SP2's firewall is not good enough

[prathapml]

Full story

The latest Windows firewall is better than nothing - but I for one won't be relying on it

With Microsoft having released Windows XP Service Pack 2 (SP2) to manufacturing, the technology that some have nicknamed "Security Pack 2", coupled with recent rumblings from Microsoft, is spinning the spotlight towards the personal firewall and antivirus sectors.

For starters, after installing SP2, users of XP will notice the addition of a security dashboard to Windows' Control Panel known as the Security Centre. This simple status report on your system's defences answers such basic questions as whether your firewall and antivirus systems are turned on, whether your antivirus solution is using the most recent signature file, and whether your operating system has received all available critical updates.

Today, Windows will tell us that critical updates are waiting to be downloaded through an indicator that pops up from the Windows tray, or following a "scan for updates" that takes place after Windows Update is manually invoked. Until SP2, users could never go to one central location to get an easily scannable status report on their systems' readiness to deal with the most prevalent threats. Barring any known compatibility problems between SP2 and your company's computing infrastructure (like that which has been reported to have occurred at IBM), this feature alone makes SP2 worth the upgrade.

The security dashboard is less of an innovation than it is the reuse of an existing Windows API known as the Windows Management Interface (WMI). During a video interview, Microsoft spokesperson Greg Sullivan said that "WMI is used mostly by IT managers to enforce policies broadly across their domains." But, as it turns out, the API is flexible enough that it can be used to interrogate the status of firewall and antivirus products as long as the developers of those products support that sort of WMI-based interrogation.

Knowing that third-party vendors of personal firewalls such as Zone Labs and Sygate may need some time to support the interface, Microsoft jerry-rigged a connection between the Security Centre and most of the popular third party security products -- a sign of the lengths to which Microsoft will go to deputise customers in the battle against hackers.

Quietly, however, even before SP2 had officially shipped, Zone Labs became one of the first to jump on the WMI bandwagon. Within the past few days, the company issued WMI-compatible updates to the freely downloadable Zone Alarm personal firewall, Zone Alarm Pro (the paid version) and Zone Alarm Security Suite (includes antivirus technology licensed from Computer Associates). If you're running any of those products and the product hasn't already notified you of the update's availability, you should be able to get the update from Zone Labs' site. Though I haven't checked with every firewall vendor, Sygate product manager Elisha Riedlinger told me that Sygate expects to have WMI support in its firewall sometime in the fourth quarter.

According to Zone Labs' vice president of business development Fred Felman: "Our update accomplishes two things.

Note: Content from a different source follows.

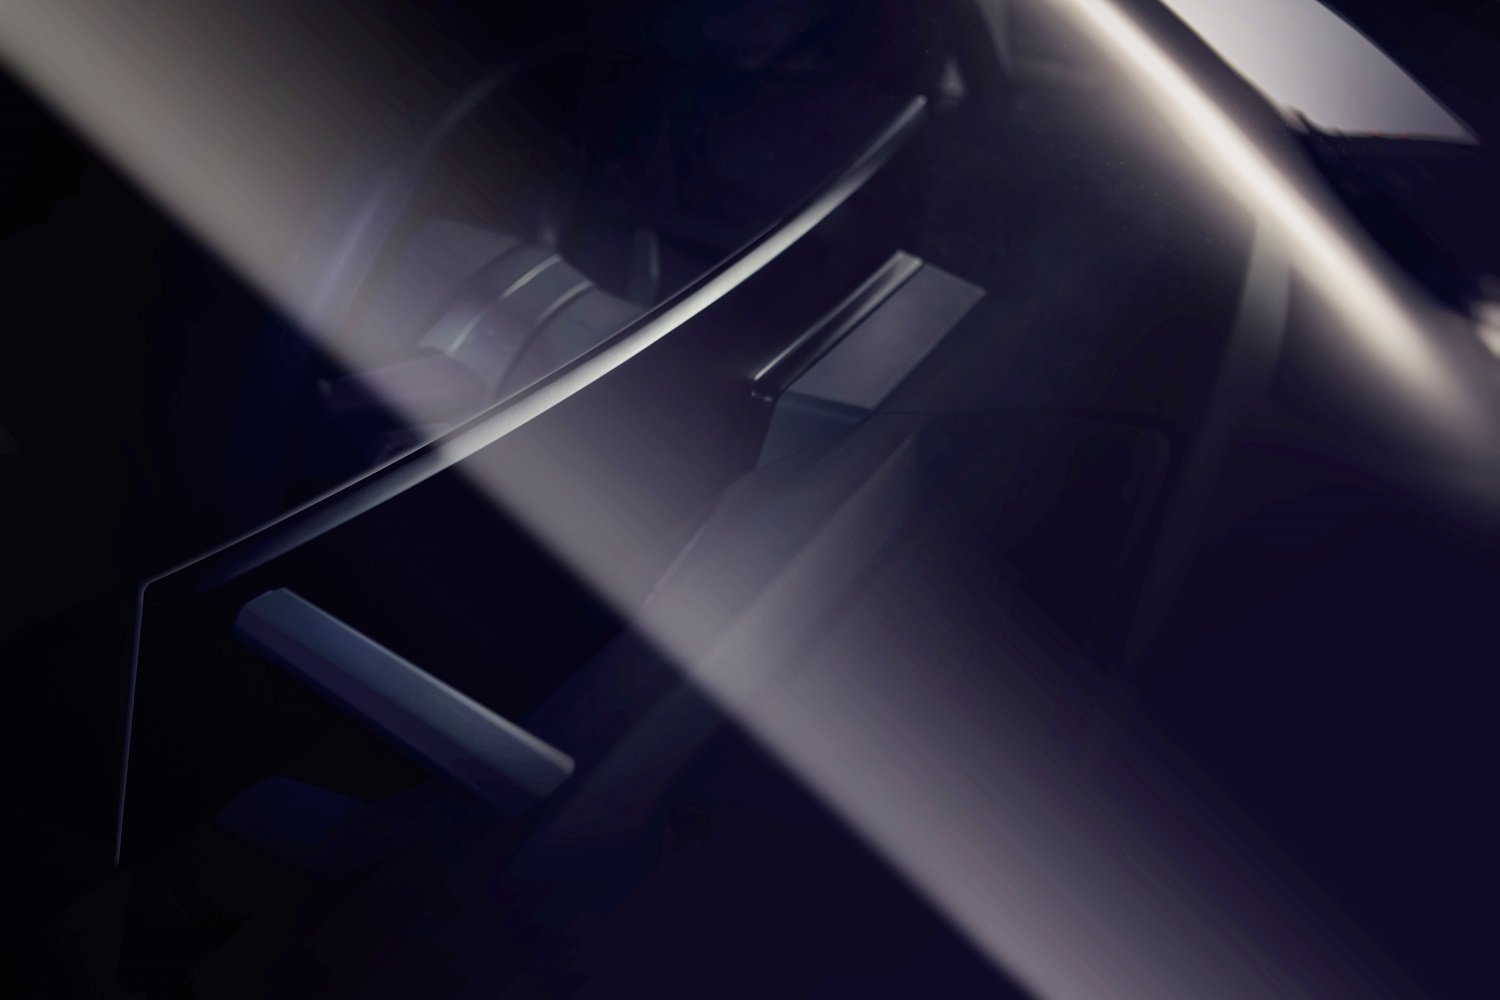 Nový prohnutý displej použitý v BMW iNEXT v sobě spojí funkce informačního a kontrolního displeje a zásluhou svého tvaru bude optimálně natočený k řidiči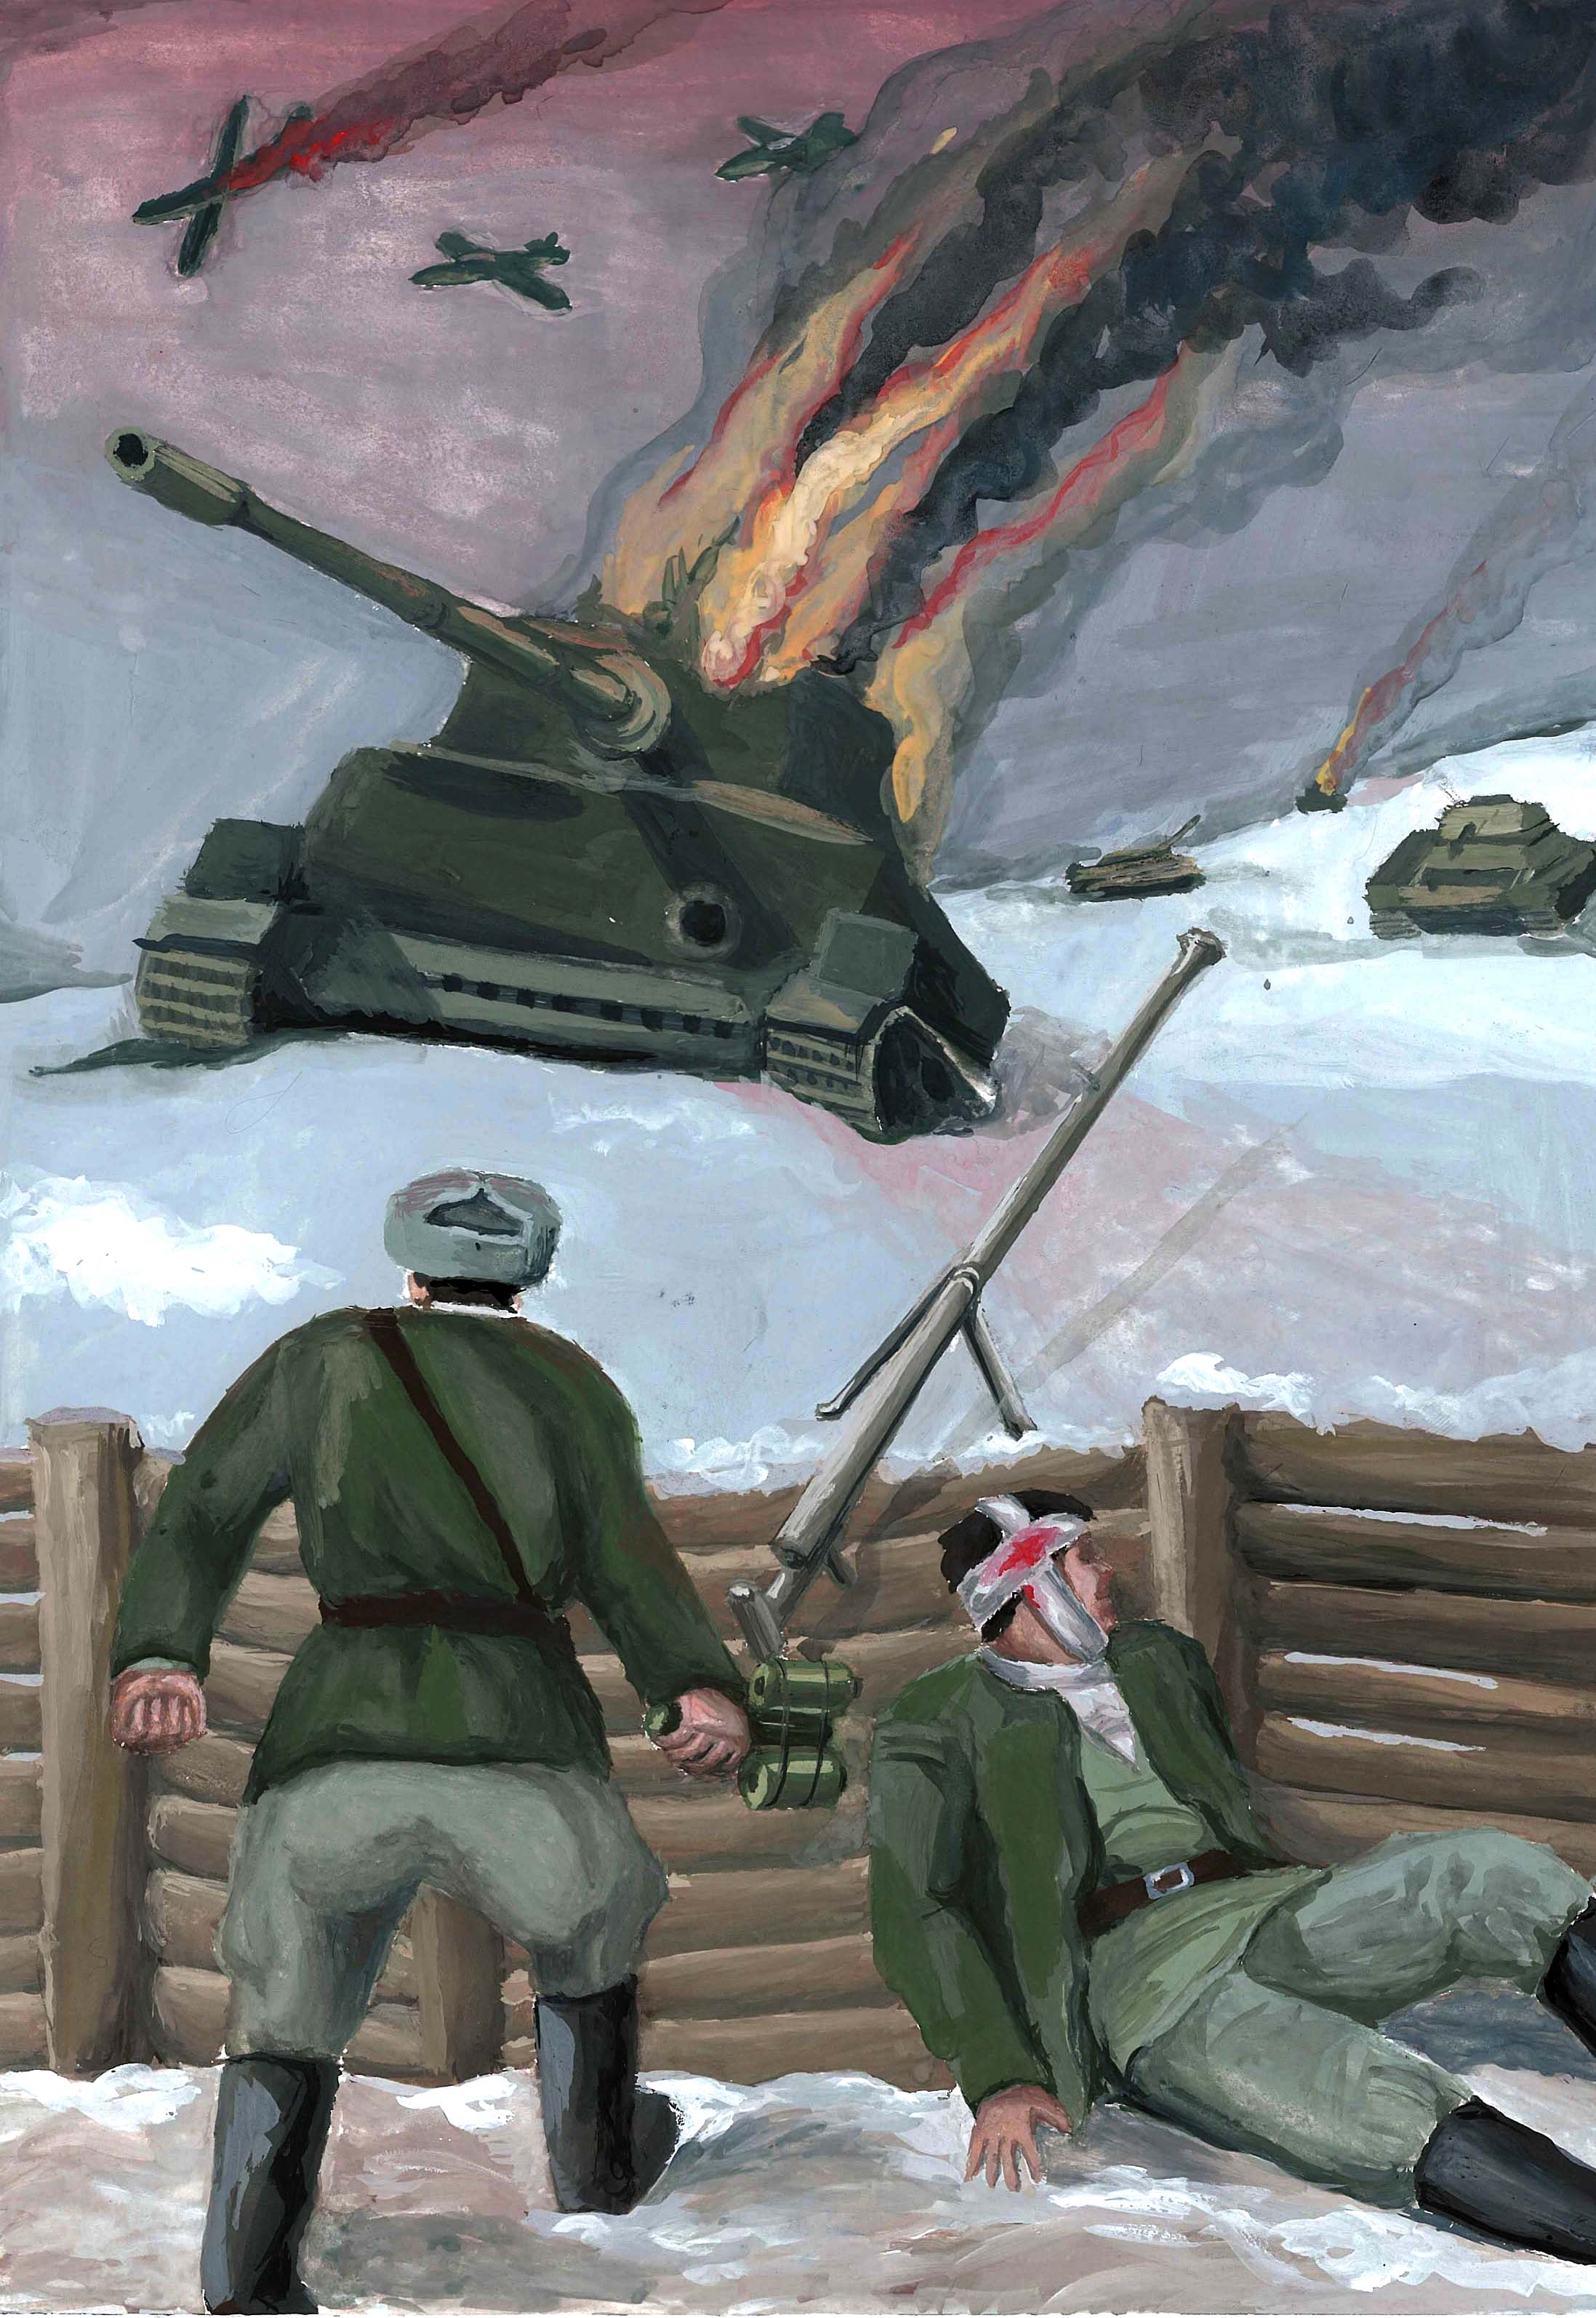 картинки к 80 летию битвы за москву

First, our firewalls and antivirus solutions can now report their status to SP2's Security Centre. [Also,] we can turn off the Windows Firewall when we are installed and we turn it back on if we're uninstalled."

This is the way Microsoft would want it to be. According to Microsoft's Sullivan, only 10 percent of Windows users have a personal firewall on their systems. In the interview, he said Microsoft had to ask itself: "What can we do to make sure that this system right out of the box is as rock solid as we can make it, so that the user doesn't have to do anything?" At least part of the answer for Microsoft was to make improvements to the firewall built into Windows and turn it on by default -- which is exactly what the Windows Firewall does once it's installed. As I've posited before, improvements to the Windows Firewall are a controversial issue, the flames of which are being fanned by recent revelations that another answer to Sullivan's "What can we do?" may be "a Microsoft antivirus product".